Wikipedia is not always a reliable source, but on a quick perusal and comparison with the references given (which are indeed peer-reviewed papers), this one looks OK. (But bear in mind that I am not an expert in this field.) However, I still don't see how it justifies your claim that there will be an interference pattern in your experiment.

This is a "B" level thread so the full math involved here is beyond the thread level. But heuristically: in the standard double slit experiment, we have (in the usual approximation used) a plane wave coming from a source that reaches both slits at the same time; the interference pattern on the detector is then a function of the relative distances from each slit at each point on the detector. I.e., it's a function of the position of the point on the detector relative to each slit.

In your case, the alternatives are two pulses, separated and with negligible overlap in time, each of which only goes through one slit. So there is no interference based on the position of a given point on the detector relative to each slit, because such interference would require overlap in time between the two alternatives (in the standard experiment the two alternatives go through their respective slits at exactly the same time). Essentially, the lack of overlap in time between the two pulses is sufficient to decohere the two alternatives so they can't interfere with each other.

...that is why there is a narrow-band filter just before the detection screen: the purpose of the tight spectral filtering is exactly to 'stretch' the coherence time of each pulse of a doublet such that, for the photon subset that is filtered, there is significant overlap in time...this erases our possible knowledge of what pulse from each doublet produced a count on the screen...for instance: if the initial pulse coherence times were 0.1 picoseconds, the slit toggling 1ps, and the pulse coherence time of the filtered photons 10ps, then there is overlap between the 'early' and 'late' time bins for the subset of photons that makes it to the detection screen, and we purportedly have an instance of quantum erasure.

 

[PeterDonis]

that is why there is a narrow-band filter just before the detection screen ... there is overlap between the 'early' and 'late' time bins for the subset of photons that makes it to the detection screen, and we purportedly have an instance of quantum erasure.

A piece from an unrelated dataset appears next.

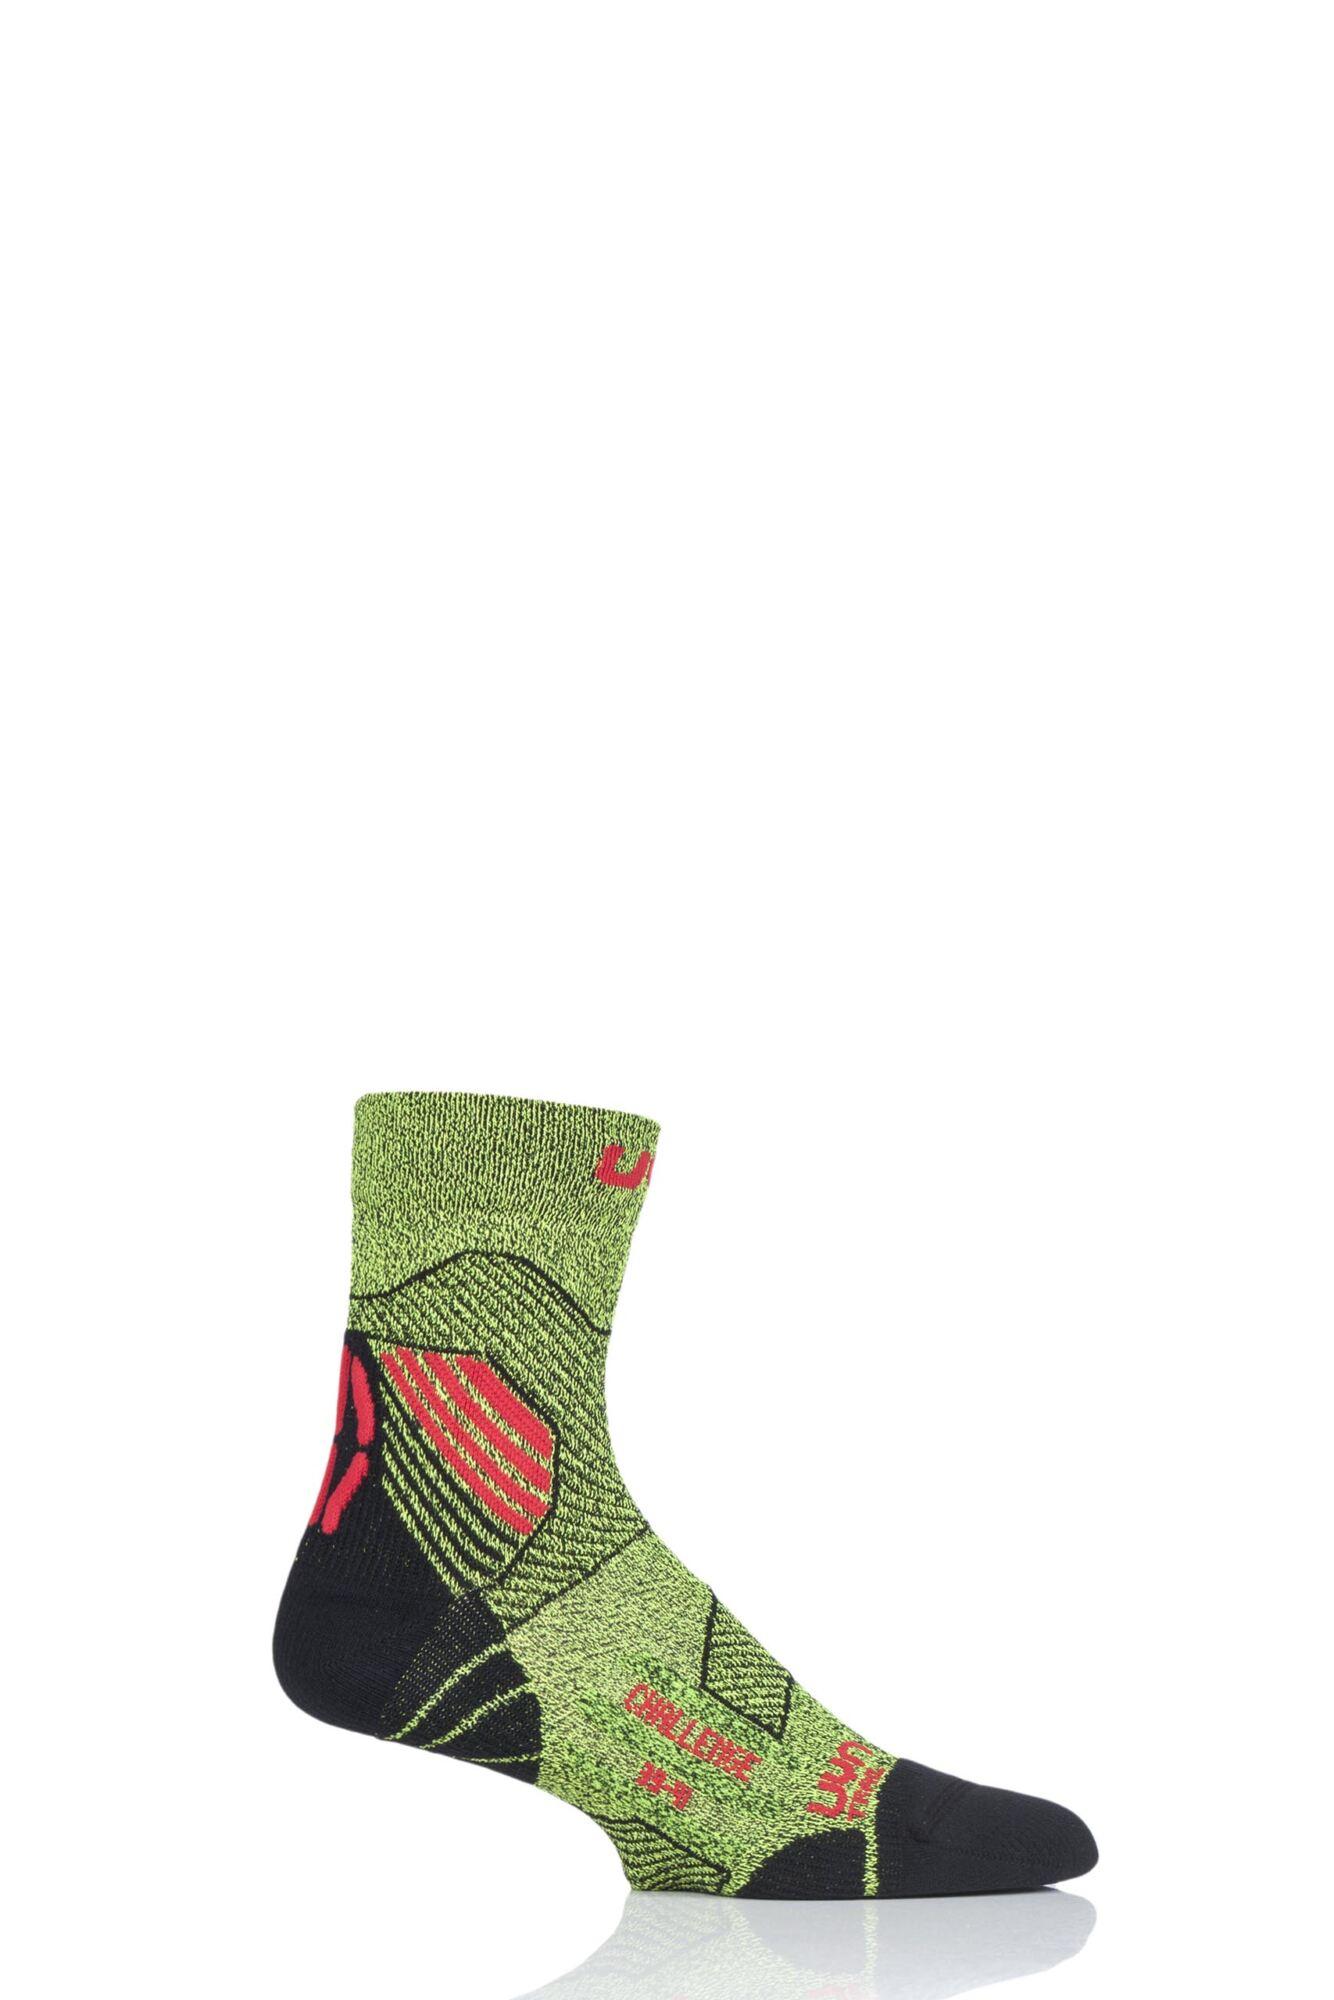 1 Pair Run Trail Challenge Socks Men's - Uyn

Hm. I see what you're getting at, but I'm still not sure if it is workable, and I'm not familiar enough with the detailed math in this field to be able to analyze the setup. Again, do you have any references that discuss an experiment like this?

 

[Pelion]

Hm. I see what you're getting at, but I'm still not sure if it is workable, and I'm not familiar enough with the detailed math in this field to be able to analyze the setup. Again, do you have any references that discuss an experiment like this?

...nope, because I am proposing it as something potentially 'new'...but it seems to me we have two single-slit diffraction patterns that are initially disjoint in time but, after spectral filtering, they overlap coherently to produce the interference pattern...maybe I will attempt a mathematical description, but first I wanted to see if there were any blatant flaws in the reasoning...

 

[PeterDonis]

nope, because I am proposing it as something potentially 'new'

Well, unless you can find some mathematical analysis of the scenario, I don't see how we can have any further useful discussion. Personal speculations are off limits here at PF; we need to have some kind of mainstream source (textbook or peer-reviewed paper), or at least some kind of actual math based on mainstream QM.

 

[PeterDonis]

As no references appear to be available, this thread is closed.